Here the AbstractApplicationContext is compiled with ReflectionUtils of different spring version.

I see the spring-core-4.3.26.RELEASE.jar is installed in the /dbfs/FileStore/jars/maven/org/springframework during the org.apache.ignite:ignite-spark-2.4:2.9.0 installation and there are no other spring version jars under the /dbfs/FileStore/jars

But it seems the databricks internally uses spring-core__4.1.4.

%sh
ls /databricks/jars | grep spring

prints:

spark--maven-trees--spark_2.4--com.clearspring.analytics--stream--com.clearspring.analytics__stream__2.7.0.jar
spark--maven-trees--spark_2.4--org.springframework--spring-core--org.springframework__spring-core__4.1.4.RELEASE.jar
spark--maven-trees--spark_2.4--org.springframework--spring-test--org.springframework__spring-test__4.1.4.RELEASE.jar

I’m not a java programmer, so I’m not experienced to solve this kind of conflicts.

Is it possible to adjust the databricks classpath somehow or solve this problem some other way?
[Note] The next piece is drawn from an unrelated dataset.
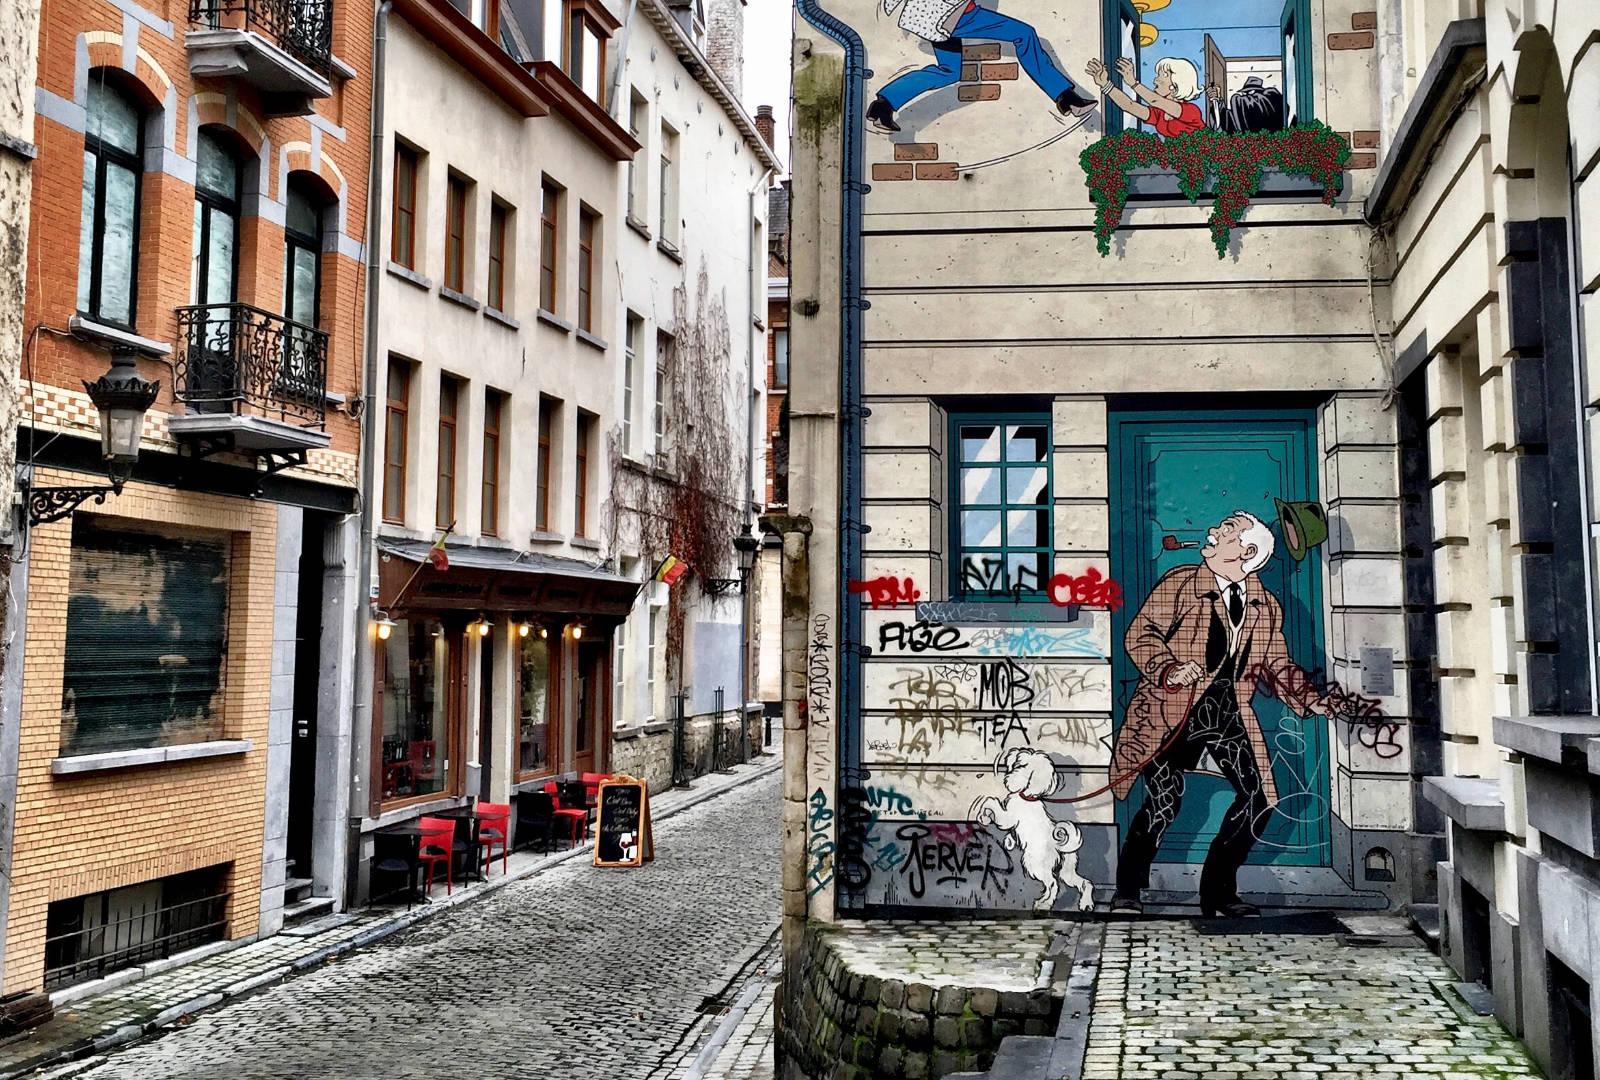 Inspirons le quartier 2021 : un nouvel appel à projets plus ambitieux à Bruxelles pour soutenir des actions citoyennes durables
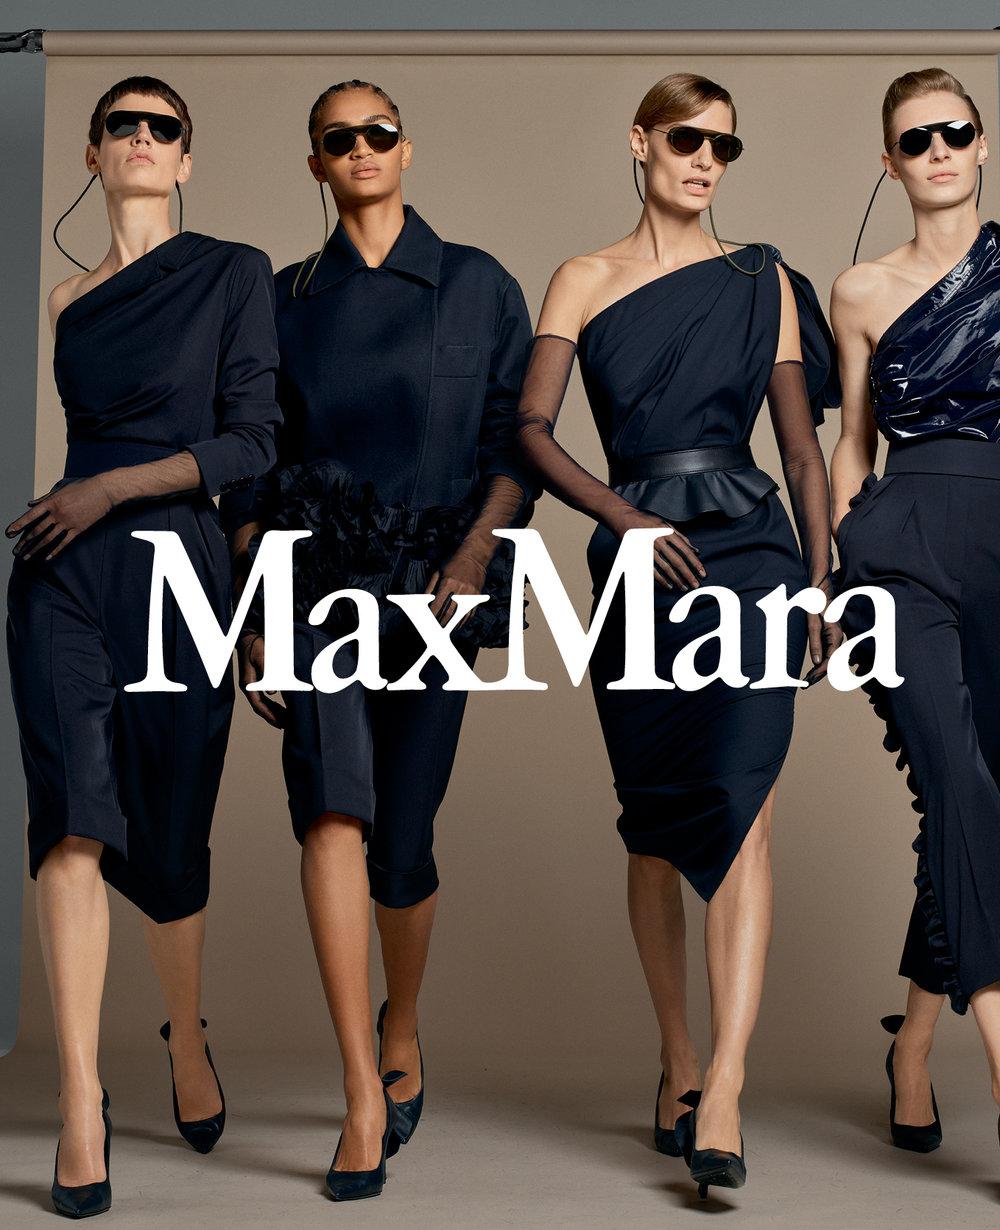 MAXMARA_SS19_URL_121314152.jpg

It may be very easy to adjust the classpath, but I don’t know how. I just see in the databricks documentation a remark that it’s possible to change the classpath in init-script. I can create an init-script, have done that before, but what exactly should I do in it?

I’ve tried different databricks runtime versions and I try to use the 6.6 at the moment. I think Apache Ignite has no integration with the spark 3.

Answer

Following the link https://kb.databricks.com/libraries/replace-default-jar-new-jar.html I created the init script like this:

dbutils.fs.mkdirs("dbfs:/databricks/scripts/")
dbutils.fs.put("dbfs:/databricks/scripts/install_spring.sh",
"""
rm -rf /databricks/jars/spark--maven-trees--spark_2.4--com.h2database--h2--com.h2database__h2__1.3.174.jar
rm -rf /databricks/jars/spark--maven-trees--spark_2.4--org.springframework--spring-core--org.springframework__spring-core__4.1.4.RELEASE.jar
rm -rf /databricks/jars/spark--maven-trees--spark_2.4--org.springframework--spring-test--org.springframework__spring-test__4.1.4.RELEASE.jar
cp /dbfs/FileStore/jars/maven/com/h2database/h2-1.4.197.jar /databricks/jars/
cp /dbfs/FileStore/jars/maven/org/springframework/spring-core-4.3.26.RELEASE.jar /databricks/jars/
cp /dbfs/FileStore/jars/maven/org/springframework/spring-test-4.3.26.RELEASE.jar /databricks/jars/
""", True)

After that I registered this init script on the cluster and the ignite integration worked for me (org.apache.ignite:ignite-spark-2.4:2.9.0, ignite 2.9.0, azure databricks 6.6)

There are about 500 jar files preinstalled under /databricks/jars and it’s possible I’ve broken some dependencies, but have not notice some side effects for my task.



Source: stackoverflow